Non solo Putin era contrario agli oligarchi, ma sospettava anche delle loro preferenze politiche pro-americane. “Putin non teme né gli Stati Uniti né la NATO, ma pensa che gli Stati Uniti detengano posizioni contrarie agli interessi russi”, ha avvertito Berezovsky.

Contrariamente a quanto riferito che Berezovsky aveva scelto Putin come candidato alla presidenza, Putin e Berezovsky sembrano aver avuto pochi contatti tra loro prima che Putin diventasse presidente, il che potrebbe essere stato un altro motivo per cui Berezovsky lo ha giudicato male. Berezovsky stesso ha detto ai diplomatici statunitensi di aver appoggiato il nuovo ministro degli Esteri Ivan Ivanov a succedere a Primakov come primo ministro nel 1999, anche se alla fine Putin ha ricevuto la presidenza dopo un intermezzo di sei settimane.

Il banchiere Oligarch Pyotr Aven confermò ai diplomatici statunitensi che non c’era un legame speciale tra Putin e Berezovsky, anche “notando che lui stesso aveva introdotto i due”, scrissero i diplomatici statunitensi. “Putin non conosce nessuno”, disse Aven ai diplomatici, riconoscendo allo stesso tempo che gli oligarchi non hanno “nessuno strumento di influenza su di lui”.

Ben presto Berezovsky si rese conto che i suoi sforzi per tenere fuori Primakov dal suo incarico gli si erano ritorti contro, e che il suo potere era in declino. “Comprendiamo che Berezovsky, fin dalle prime fasi dell’amministrazione Putin, perse il suo accesso privilegiato al Cremlino, e fu obbligato a chiedere il permesso ogni volta che desiderava visitarlo”, scrissero i diplomatici statunitensi nel 2000.

Berezovsky ha dato il tipico spettacolo di spavalderia, vantandosi della sua volontà di resistere al Cremlino. “Possono mettermi in prigione, ma non servirà a niente”, si vantava con i diplomatici.

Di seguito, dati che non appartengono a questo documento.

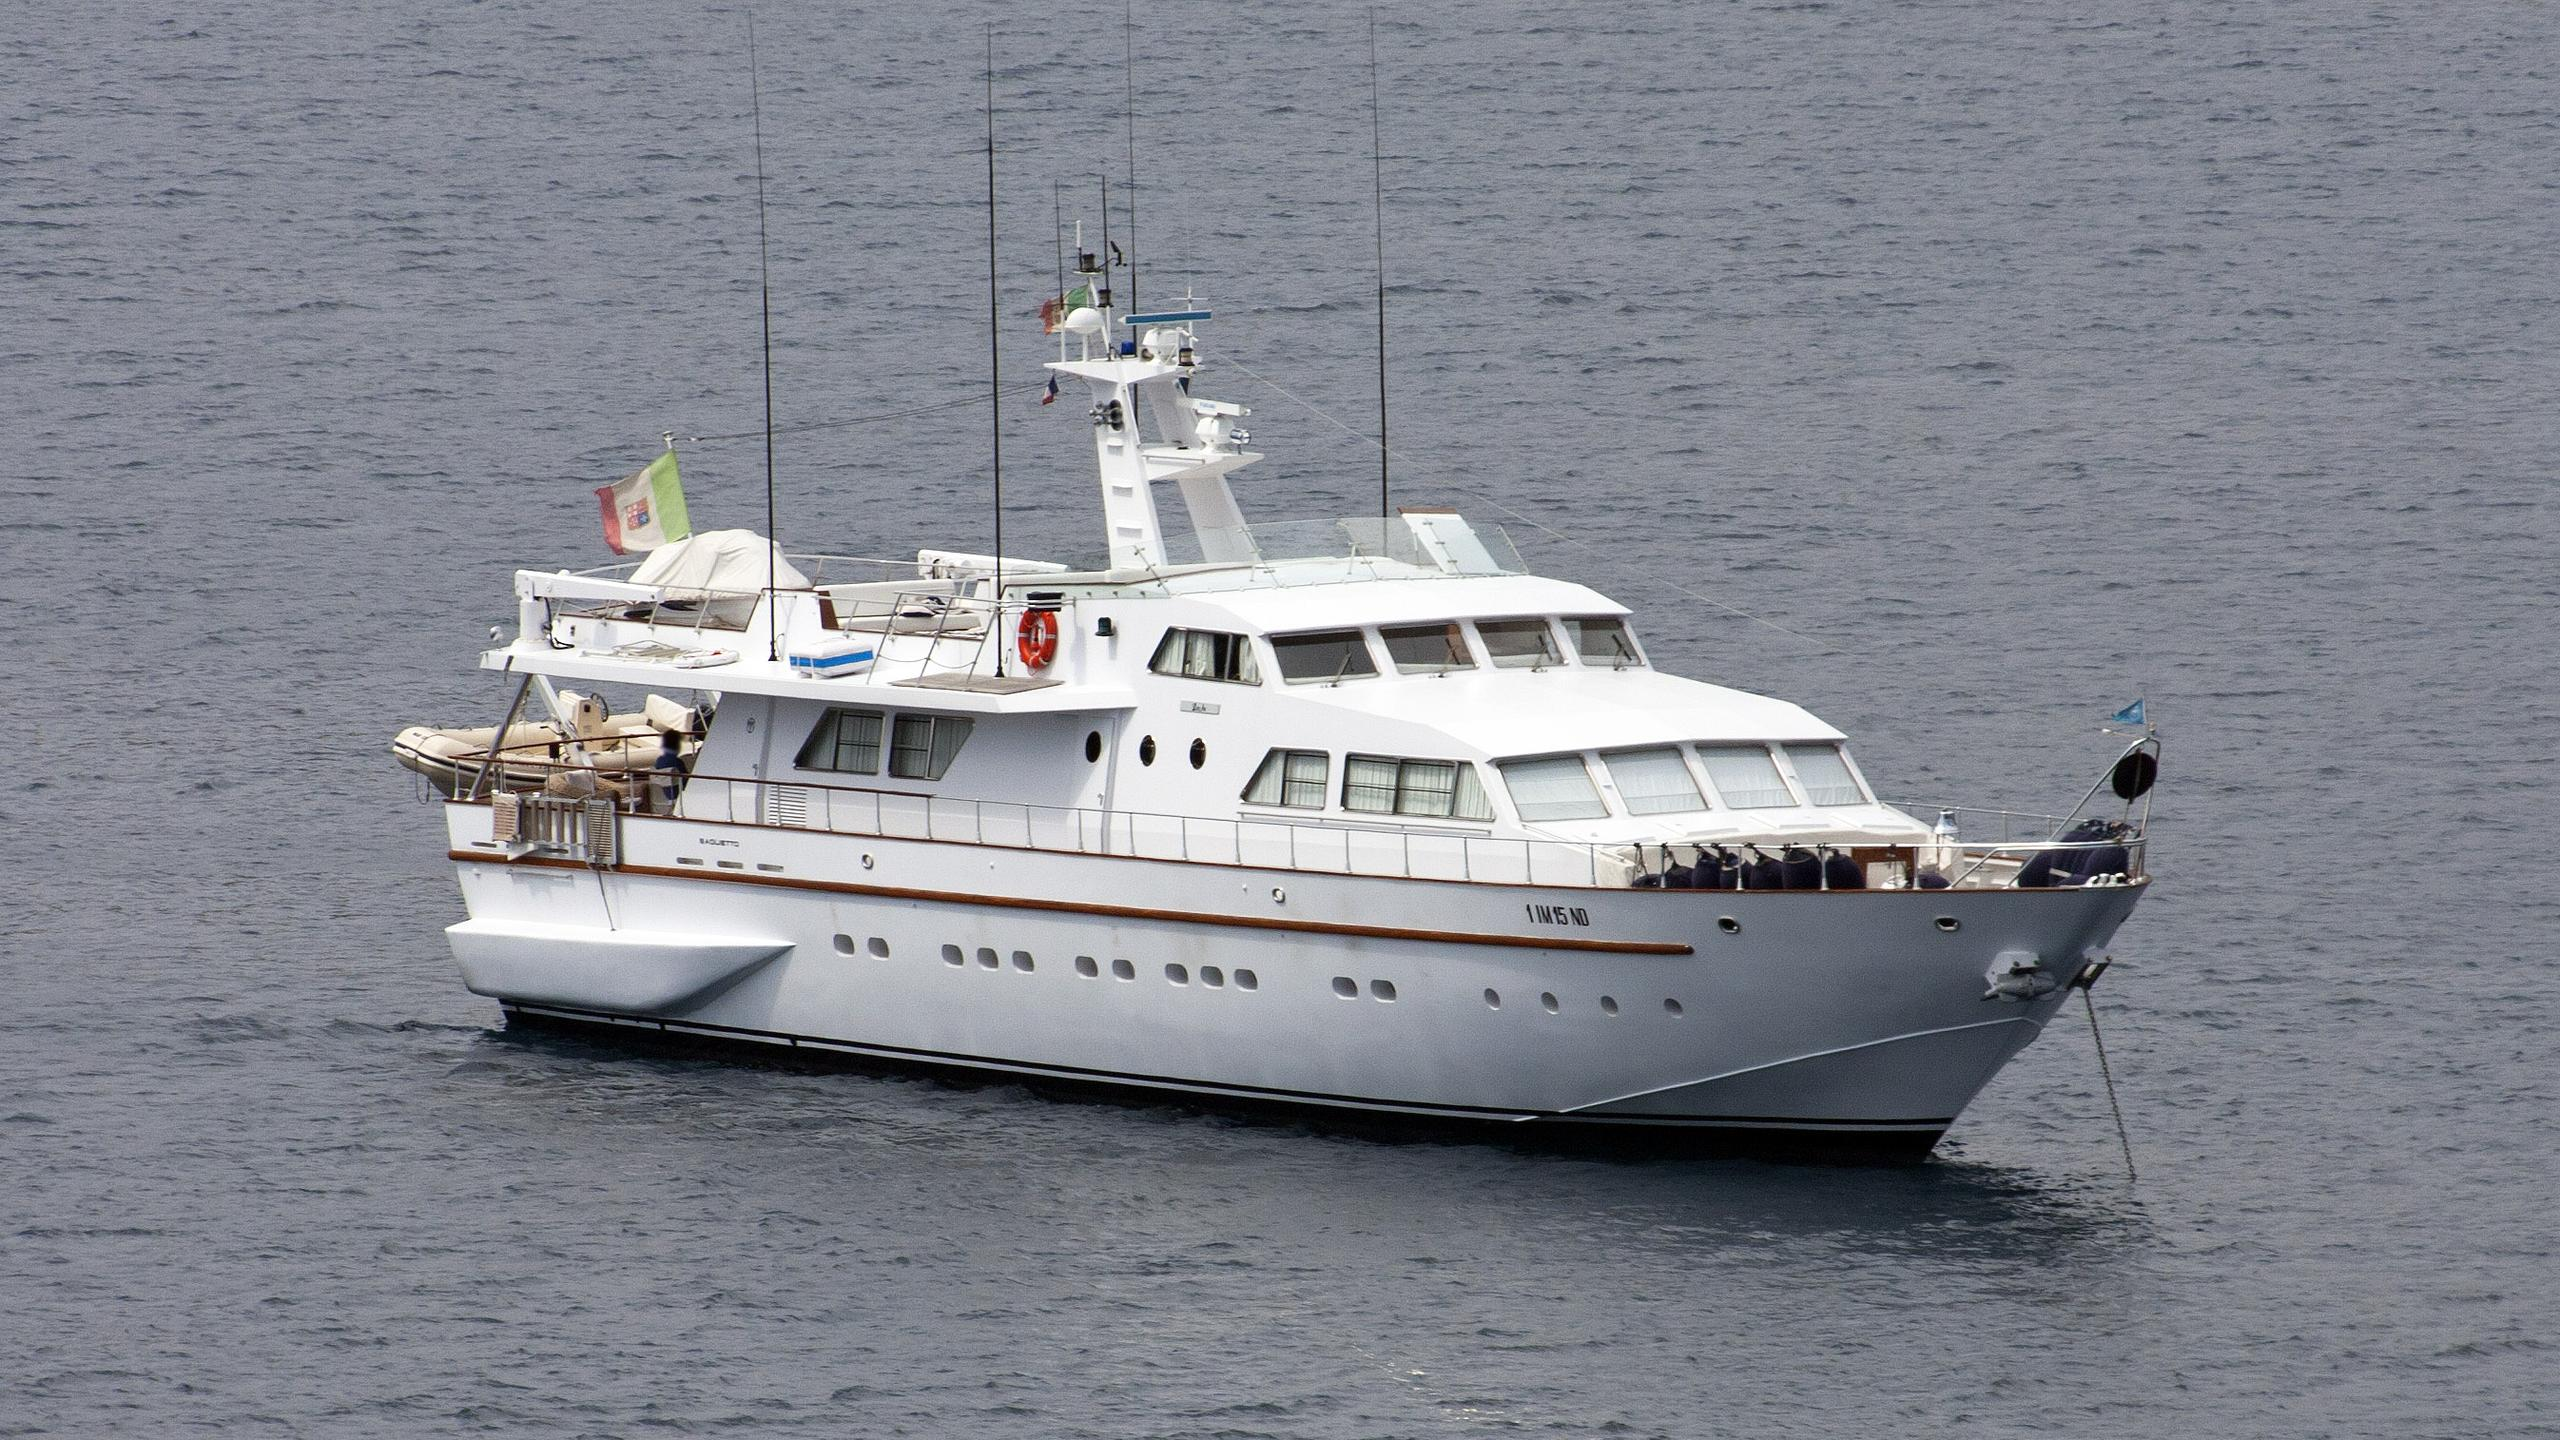 luc-an-motor-yacht-baglietto-1989-31m-half-profile

Alla fine lasciò il Paese per evitare la prigione con l’accusa di frode nei confronti dell’Aeroflot e della concessionaria d’auto LogoVAZ che controllava, e si stabilì nel Regno Unito, da dove continuò i tentativi di organizzare l’opposizione a Putin (nota di Alessia: a Londra esiste la cupola più grande di russi – composta da oligarchi e oppositori – che minano costantemente la Russia. Vedremo dove andrà a vivere Navalny, magari sarà il nuovo vicino di casa di Michail Borisovič Chodorkovskij?).

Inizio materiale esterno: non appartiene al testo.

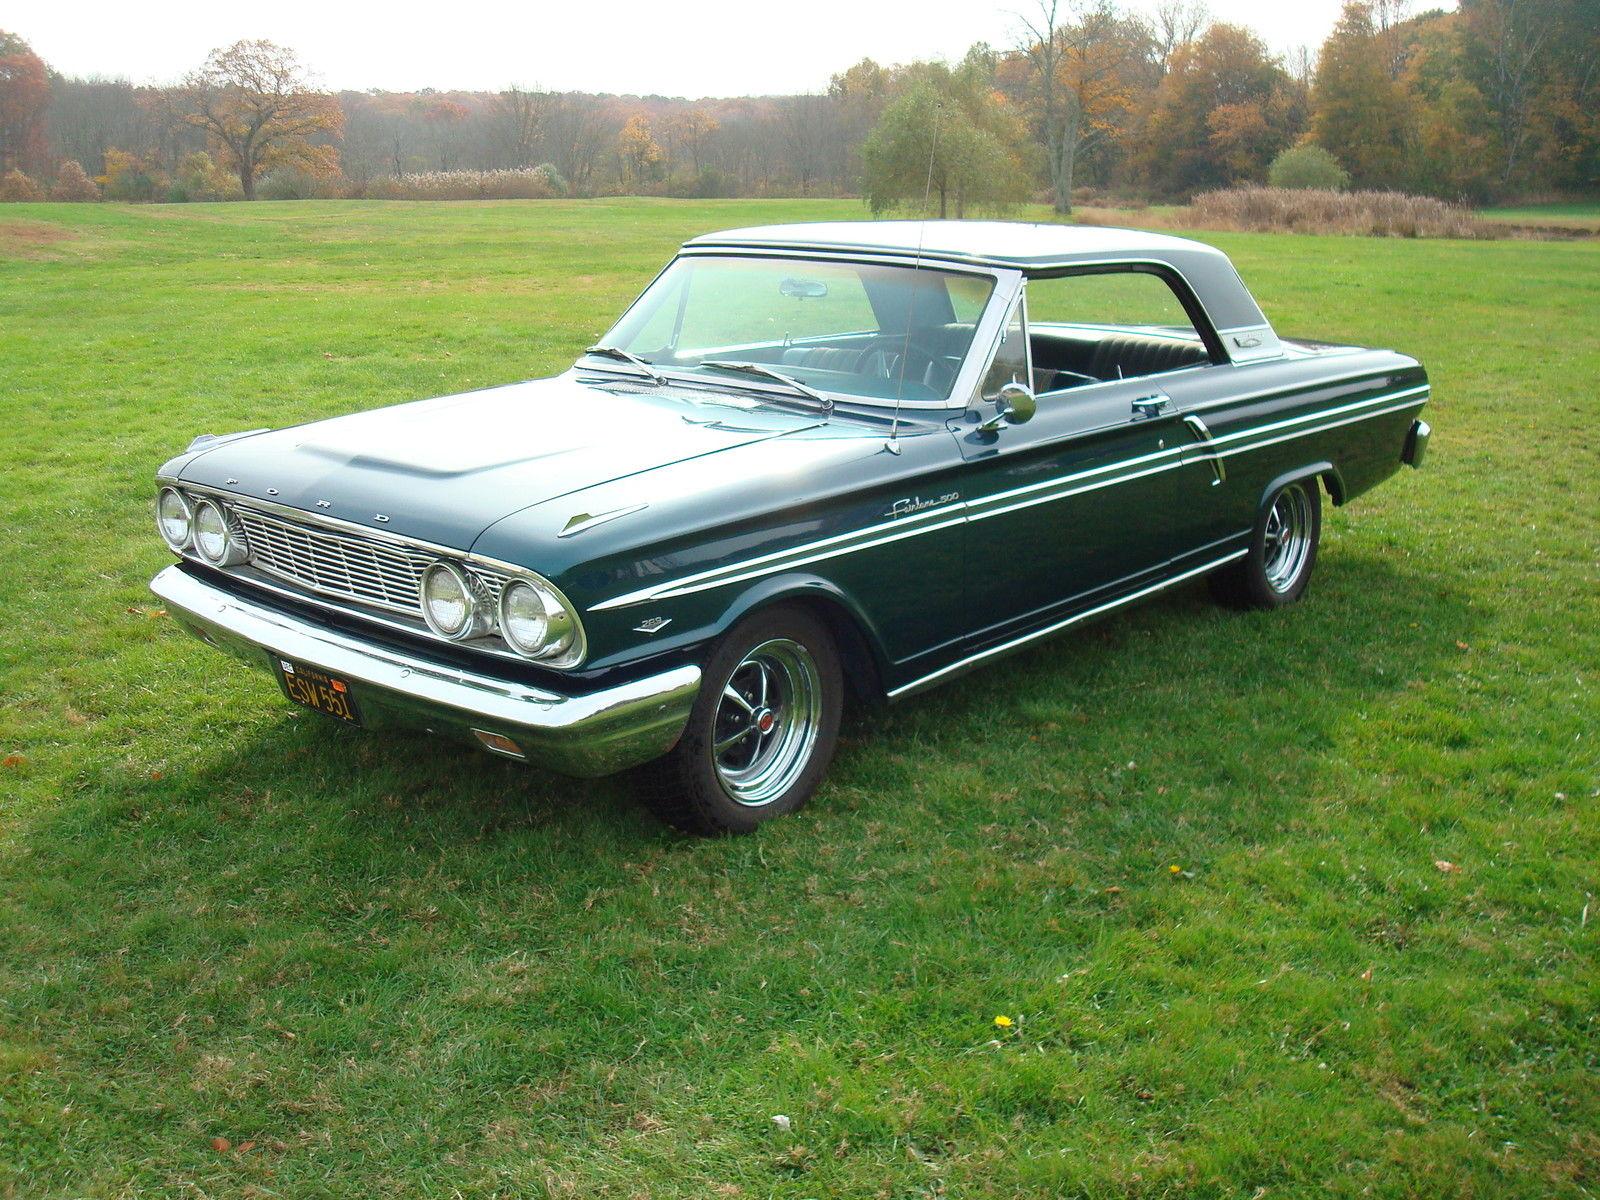 1964 Ford Fairlane 500 4 7L

Solo una volta i diplomatici americani hanno visto un Berezovsky diverso, ansioso, che potrebbe aver presagito il suo suicidio dalla depressione nel 2013, dopo una devastante sconfitta in tribunale a Londra contro l’ex socio Roman Abramovich nel 2012. Dopo che il governo di Primakov aveva ordinato i primi controlli sulle attività di Berezovsky nel 1999, segnando l’inizio della fine del suo impero commerciale, i “segni evidenti di preoccupazione” di Berezovsky si riflettevano sul volto e nella voce del noto oligarca”, che “parlava con toni sommessi”, l’ambasciatore americano così scrisse del suo inquieto ospite.